TechRisk #176: Full agentic AI ransomware operation
Plus, Hacker's dream AI model, Zero-click Cursor vulnerabilities, AI browser assistants ignoring safety rules, decades-old shell injection risk, and more!
Tech Risk Reading Picks
Executive Summary: The past week brought a steady stream of evidence that AI is actively reshaping the cyberattack landscape on both offense and defense. On the offense side, researchers documented what looks like the first fully autonomous ransomware attack (JADEPUFFER), a new browser-native ransomware technique built entirely by DeepSeek, and a prompt-injection trick ("BioShocking") that fools AI browser assistants into ignoring safety rules. Multiple structural weaknesses also surfaced in AI coding tools, including zero-click flaws in Cursor and a shell-trick called GuardFall that bypasses safety checks in ten of eleven popular AI coding assistants. Attackers are also exploiting AI's own quirks, such as registering the fake website addresses AI models hallucinate to run phishing scams. Adding to the risk, a Chinese open-source model (GLM-5.2) now matches leading cybersecurity performance at half the cost with no built-in safety oversight, echoing the Five Eyes' warning that AI is collapsing the skill barrier once required to carry out sophisticated attacks. Beyond cybersecurity, Google quietly expanded AI's default access to users' Search and Gmail data, an air cargo industry panel flagged AI-driven attacks as an underappreciated supply-chain risk, and a US congressman proposed legislation forcing AI companies to report dangerous incidents within seven days.
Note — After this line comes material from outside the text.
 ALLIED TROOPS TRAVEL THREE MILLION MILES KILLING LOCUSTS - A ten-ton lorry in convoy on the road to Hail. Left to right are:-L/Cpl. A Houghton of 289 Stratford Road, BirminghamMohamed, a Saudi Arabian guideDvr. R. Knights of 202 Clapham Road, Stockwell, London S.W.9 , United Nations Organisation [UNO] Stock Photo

Full agentic AI ransomware operation: An AI agent, nicknamed JADEPUFFER by researchers at Sysdig, appears to have run a complete ransomware attack on its own, no human at the controls. It broke in through a known software flaw, stole login credentials, reached a live company database, and then locked and deleted critical configuration data while leaving a ransom note demanding Bitcoin. What convinced researchers this was autonomous: when one attack step failed, the AI diagnosed the problem and fixed it within 31 seconds, a level of quick adaptation that looks more like independent judgment than a scripted tool. The ransom demand was actually empty, since the encryption key was shown once and never saved, so paying wouldn't have restored anything. Experts say the underlying cause is an old, familiar problem: exposed credentials and excessive access, just executed at machine speed. The bottom line: companies need real-time monitoring and tighter access controls, because AI-driven attacks can now outpace human-speed detection. [more]
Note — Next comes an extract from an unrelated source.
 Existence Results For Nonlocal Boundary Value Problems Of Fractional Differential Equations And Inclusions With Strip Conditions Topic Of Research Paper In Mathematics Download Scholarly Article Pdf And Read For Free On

Zero-click Cursor vulnerabilities: Two serious security flaws, nicknamed DuneSlide, let attackers hijack a developer's computer through the popular AI code editor Cursor, with no click needed from the victim. The attack works by hiding malicious instructions in content the AI reads on the user's behalf, like a webpage or a connected service, tricking it into writing to a file it shouldn't touch and using that to disable Cursor's built-in safety sandbox. Once disabled, attackers gain full control of the developer's machine and any connected cloud accounts. Researchers say Cursor initially dismissed the report, arguing it fell outside their threat model, before reversing course and shipping a fix. There's no evidence of real-world exploitation so far, but this is the fourth such flaw found in Cursor in under a year, suggesting a deeper pattern rather than isolated bugs. The bottom line: anyone using Cursor should update to version 3.0 or later immediately, and treat "AI reads the web on your behalf" tools as a real attack surface. [more]
Hacker’s dream AI model: A new Chinese AI model called GLM-5.2, built by startup z.AI, matches the performance of leading US AI systems on cybersecurity tasks at roughly half the cost. Anyone can download and run it on their own computer. Unlike cloud-based AI tools, which are monitored and can suspend users for misuse, a locally-run model has no such oversight, giving bad actors free rein to strip out safety controls and use it for attacks like phishing or hunting for software flaws. Security experts note this was inevitable: once a capability exists, others will replicate it. The deeper worry is not this model specifically, but the accelerating AI arms race it represents, where each new release gives both defenders and criminals more powerful tools, and no one side pulls decisively ahead. [more]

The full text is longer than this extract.